**ASSIGNED TASK:**
Leave every picture out and give back the lines below from the first through the line that holds "Folding Camping Cot", exactly as written.

THE DATA START

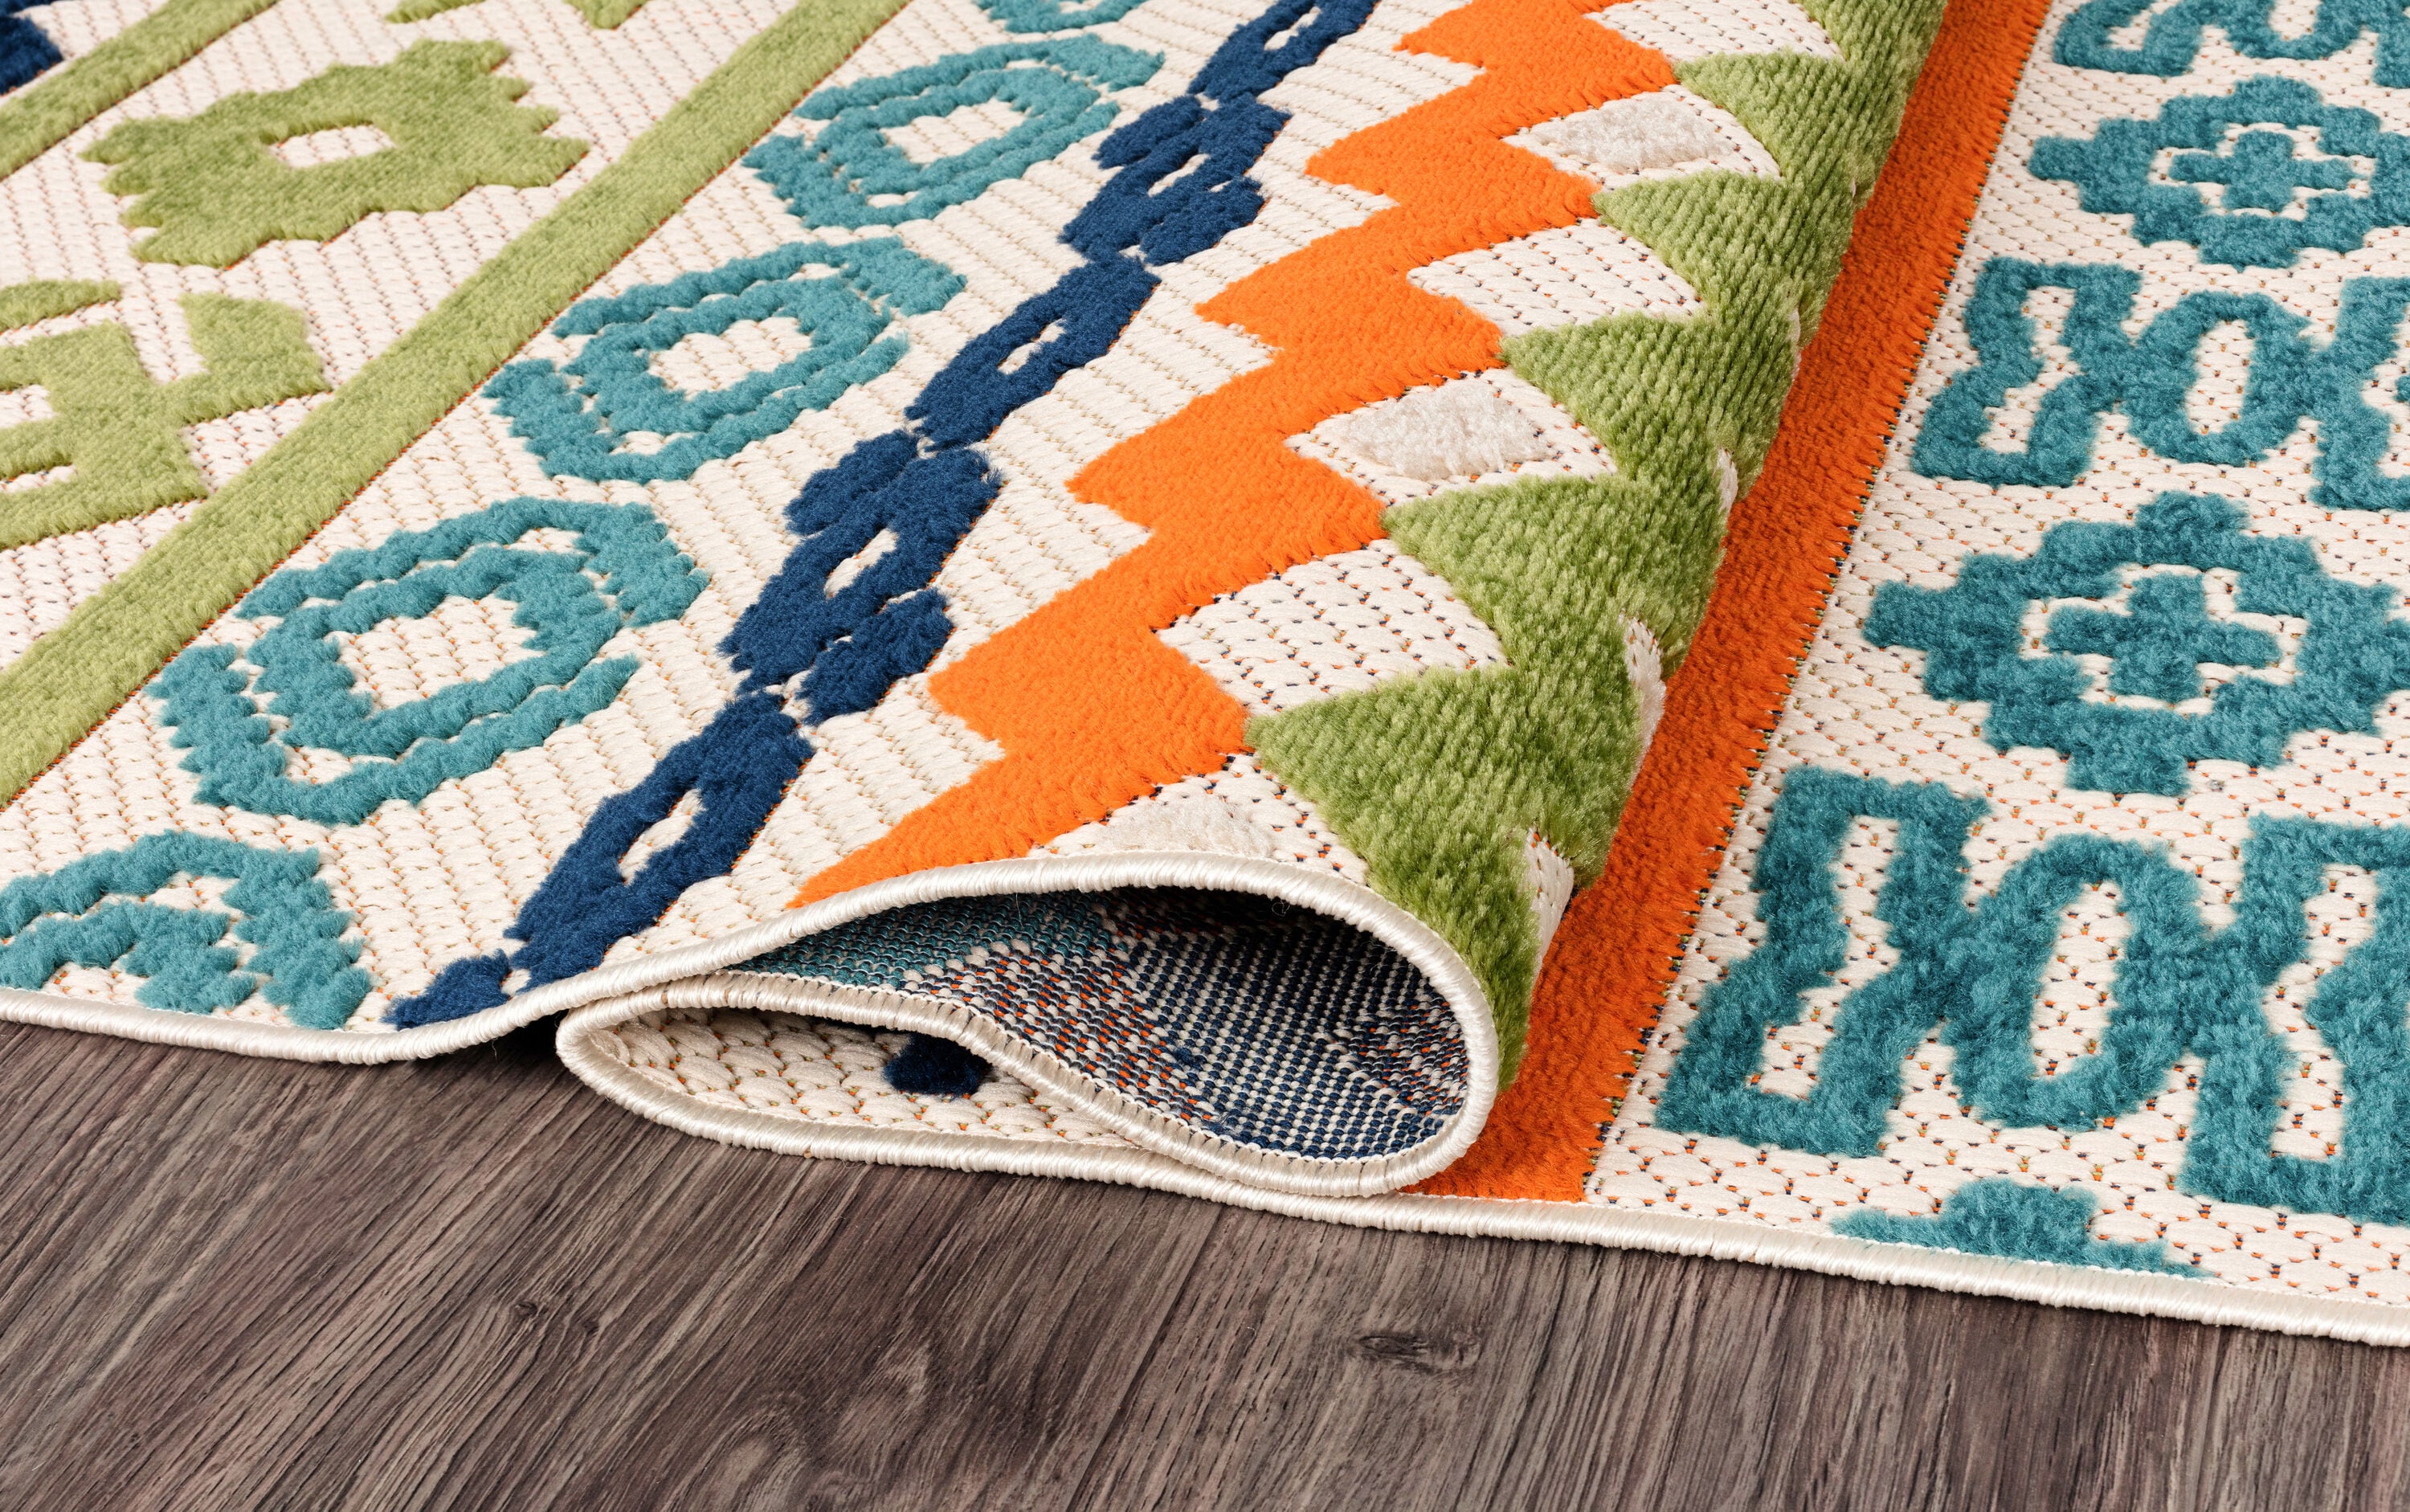 Indoor/Outdoor at in 2 Area Geometric Rugs World Rug X department 7 Gallery Rug the
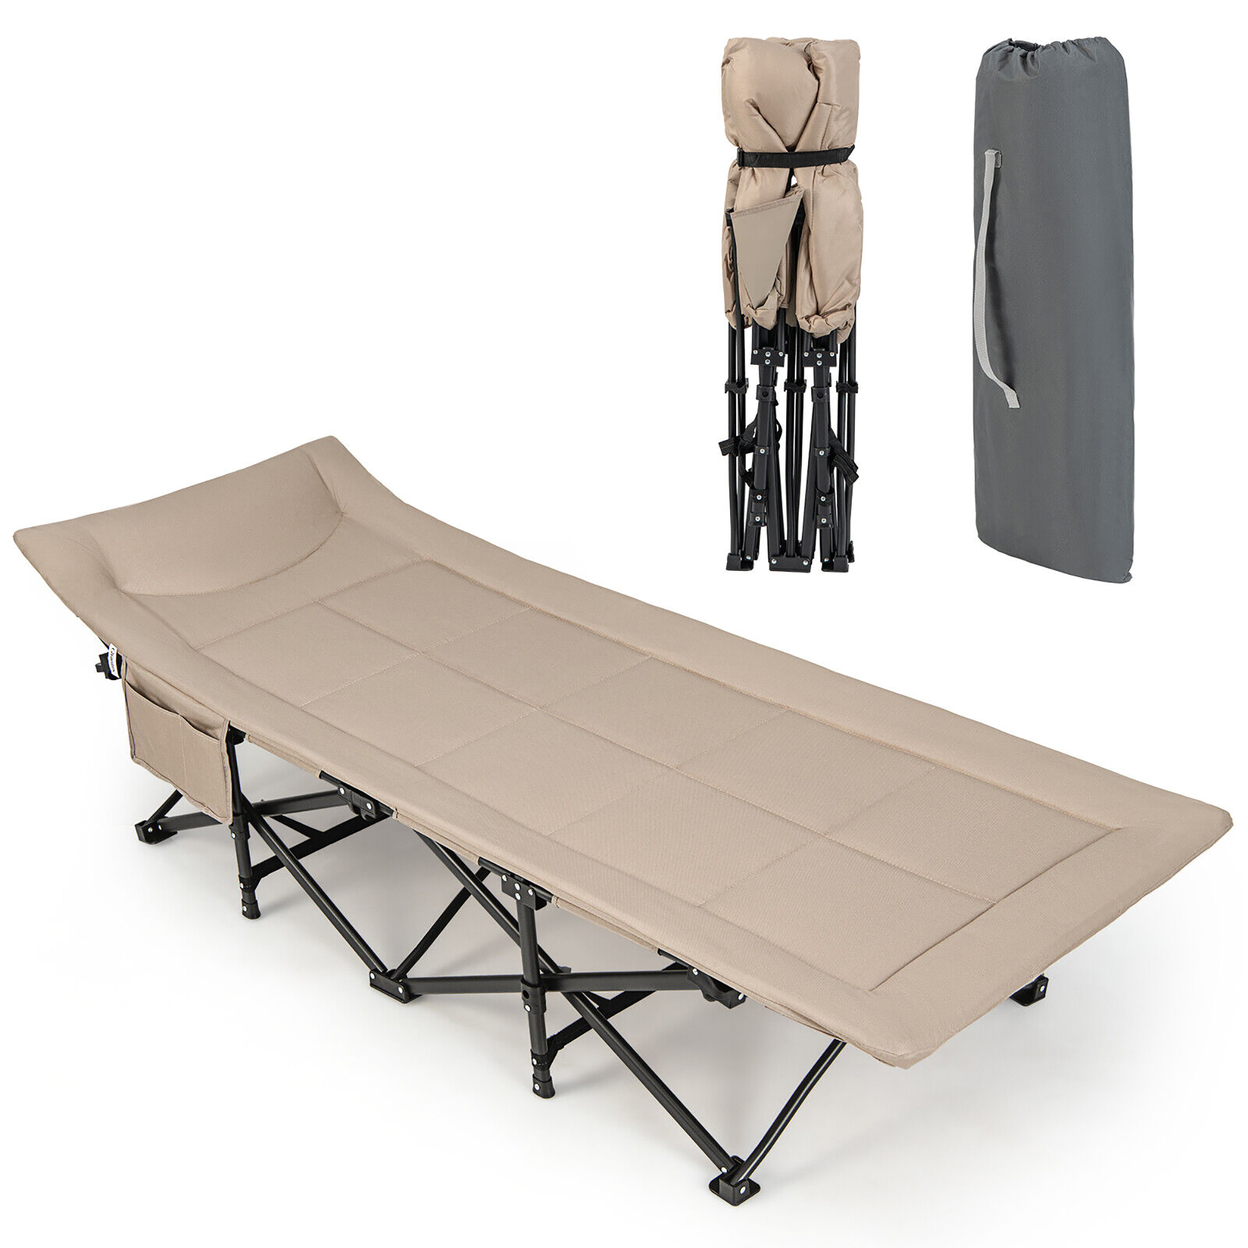 Folding Camping Cot Portable Tent Sleeping Bed With Cushion Headrest Carry Bag - Khaki
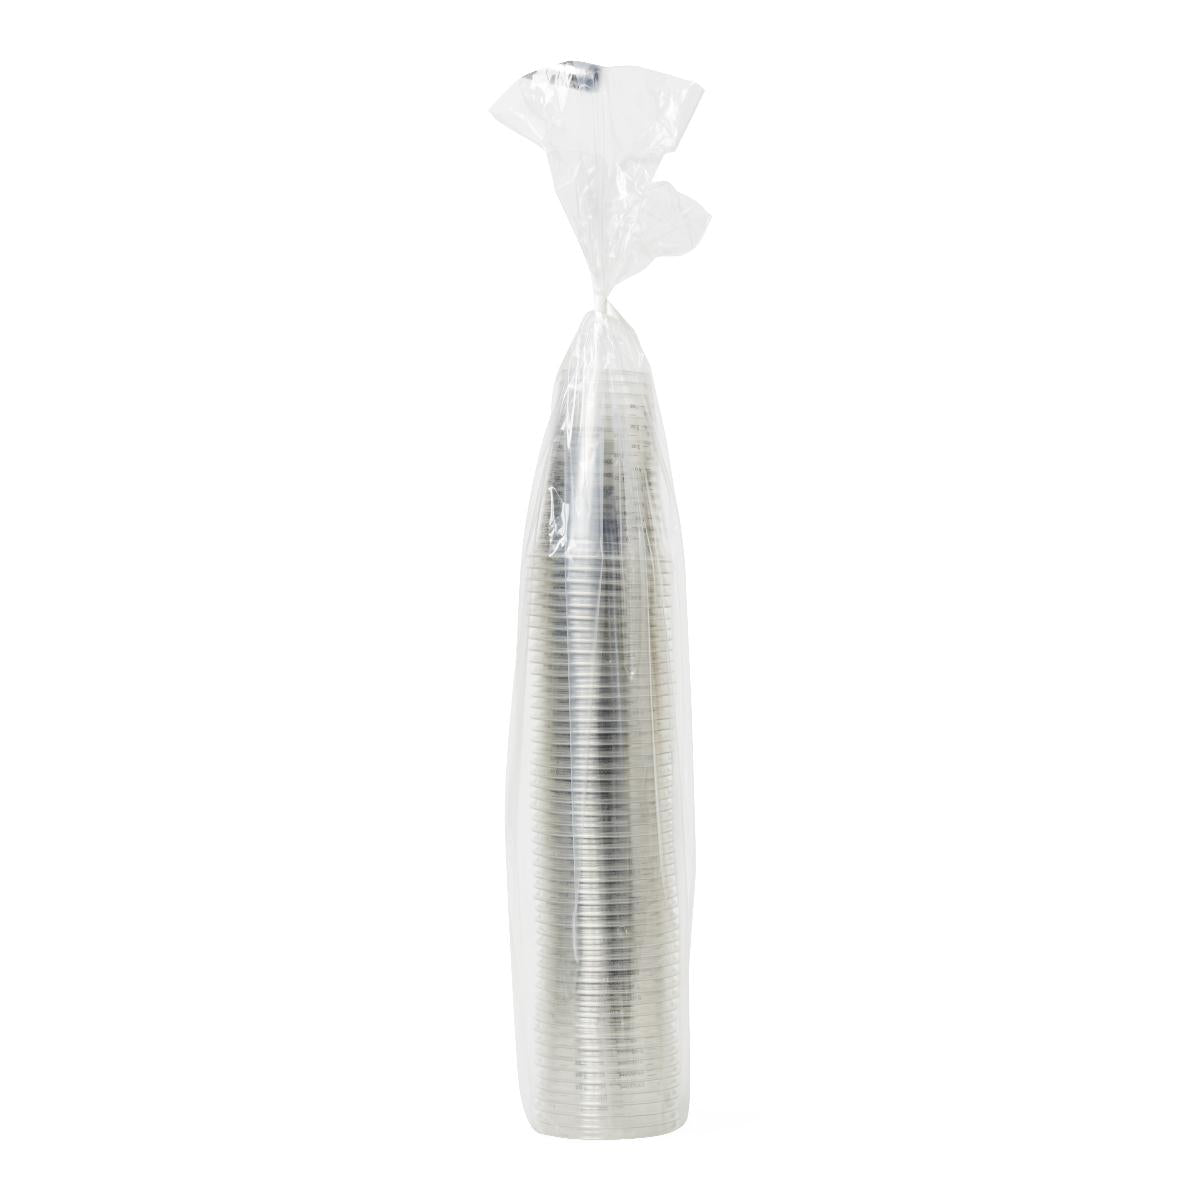 50 Each-Bag / Clear with Black Graduations / 10.000 OZ Food Service Supplies - MEDLINE - Wasatch Medical Supply

THE DATA END

**TASK RESPONSE:**
 Indoor/Outdoor at in 2 Area Geometric Rugs World Rug X department 7 Gallery Rug the
 Folding Camping Cot Portable Tent Sleeping Bed With Cushion Headrest Carry Bag - Khaki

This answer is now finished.